What, don't tell me you thought the US still operated based on the Rule of Law!?

Strat

Re:

[110010001000]

It matters to me because I ride the bus with the people who pick up the trash of the Intel CEO. And I work hard to keep my country safe working in Government IT for $50,000 a year in Silicon Valley. The world revolves around me. We aren't all rich here in Silicon Valley.

Re:

[110010001000]

Wrong. Meltdown is not fixable, it can only be mitigated. And he sold his stock all last year. The last stock sale was in November, before this went public. Why are people lying for Intel?

Same syndrome as VW

[Archtech]

The underlying pattern is exactly the same as the VW scandal. A manufacturer tries to deliver the promised performance, and in order to do so fakes out an emissions test (VW) or builds in a highly insecure procedure (Intel).
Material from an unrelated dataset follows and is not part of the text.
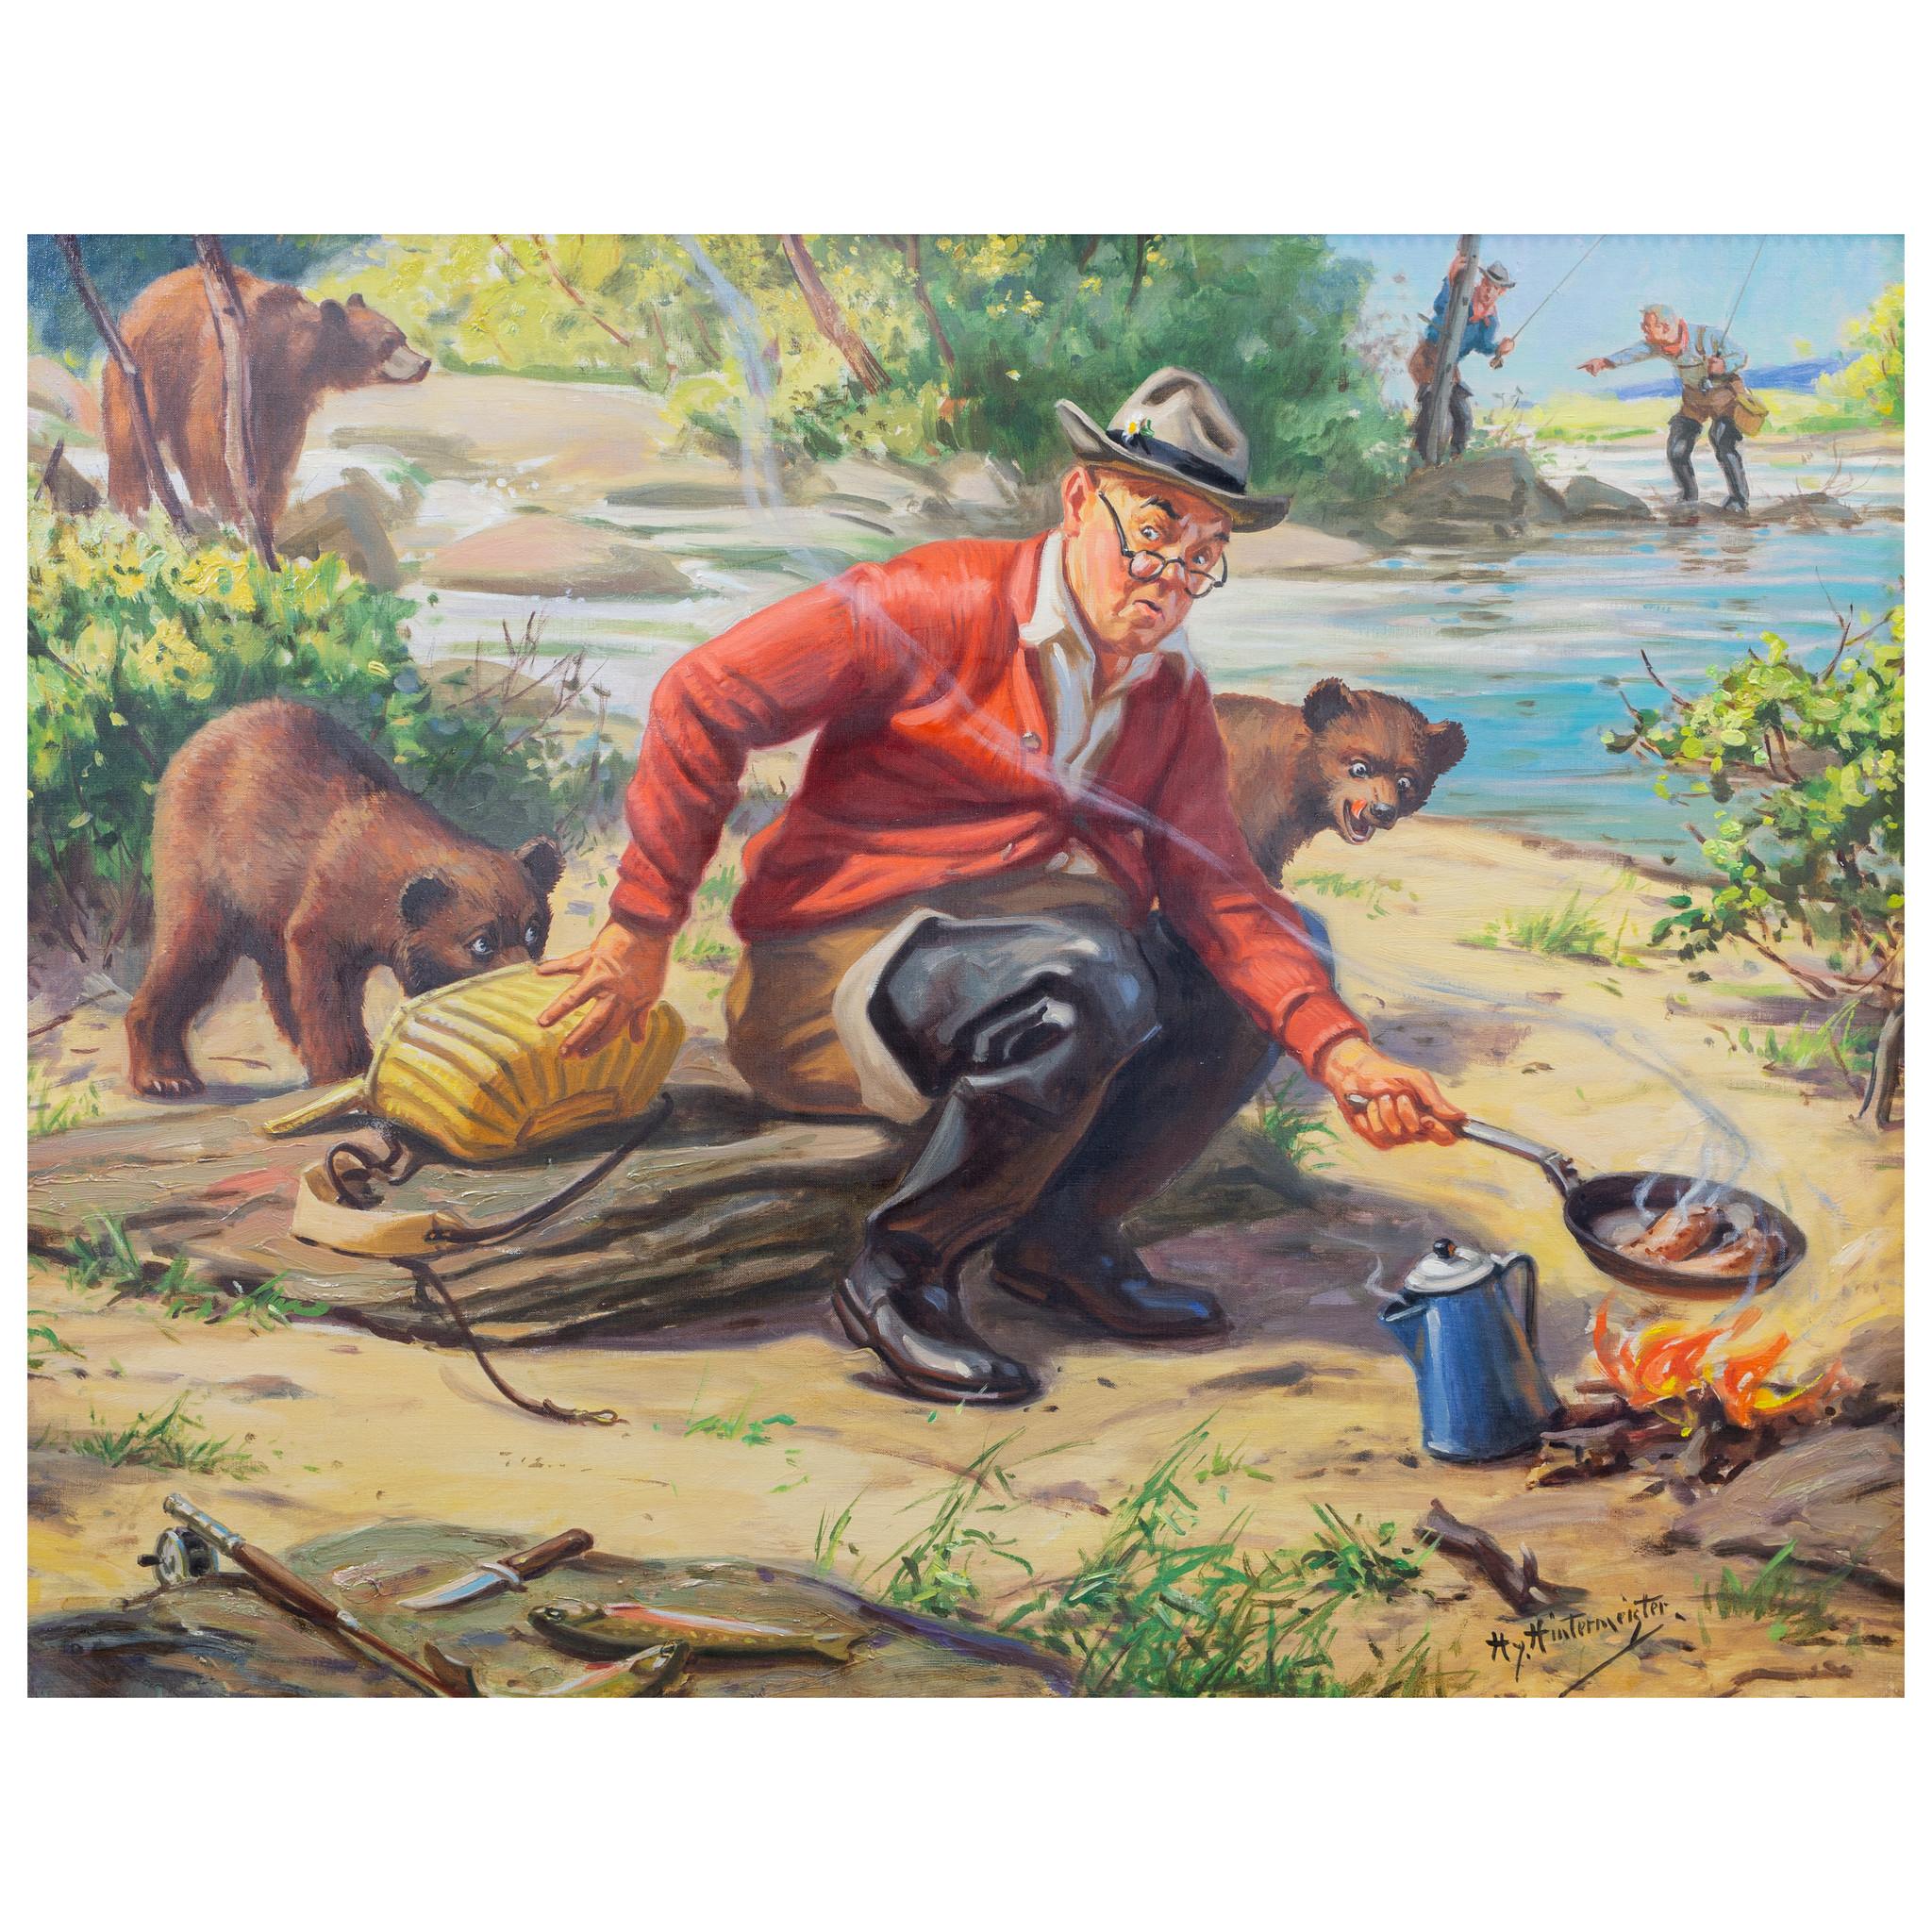 Oil on canvas by Hy Hintermeister 1897-1972. From the archives of the Shaw Barton Calendar company. Used for early calendar print. Part of the humorous fishing series he started. 27”x22”. Well framed.

Henry Hintermeister was born in 1897 in New

At an even simpler level, it is just the battle between quality and quantity. VW and Intel cheated "a little" to provide the promised performance. We can expect a very great deal more of this.

Re:Same syndrome as VW

[Archtech]

Intel will no doubt copy the big banks by claiming that it is "too big to fail". It would argue that it can't afford to replace all the defective chips, and so it shouldn't be forced to.

The US government regards Intel as a huge asset - just like Microsoft, Oracle, IBM, Google, Facebook, Twitter, etc. - and will certainly take the company's side if it faces a serious threat to its existence.

Re:

[volodymyrbiryuk]

True, but Intel is an American company so no big deal. It's only bad if the others do it. So don't expect anyone from Intel to be jailed like the VW guy. The only way is probably a class action lawsuit.

Re:

[Mordaximus]

The underlying pattern is exactly the same as the VW scandal. A manufacturer tries to deliver the promised performance, and in order to do so fakes out an emissions test (VW) or builds in a highly insecure procedure (Intel).

At an even simpler level, it is just the battle between quality and quantity. VW and Intel cheated "a little" to provide the promised performance. We can expect a very great deal more of this.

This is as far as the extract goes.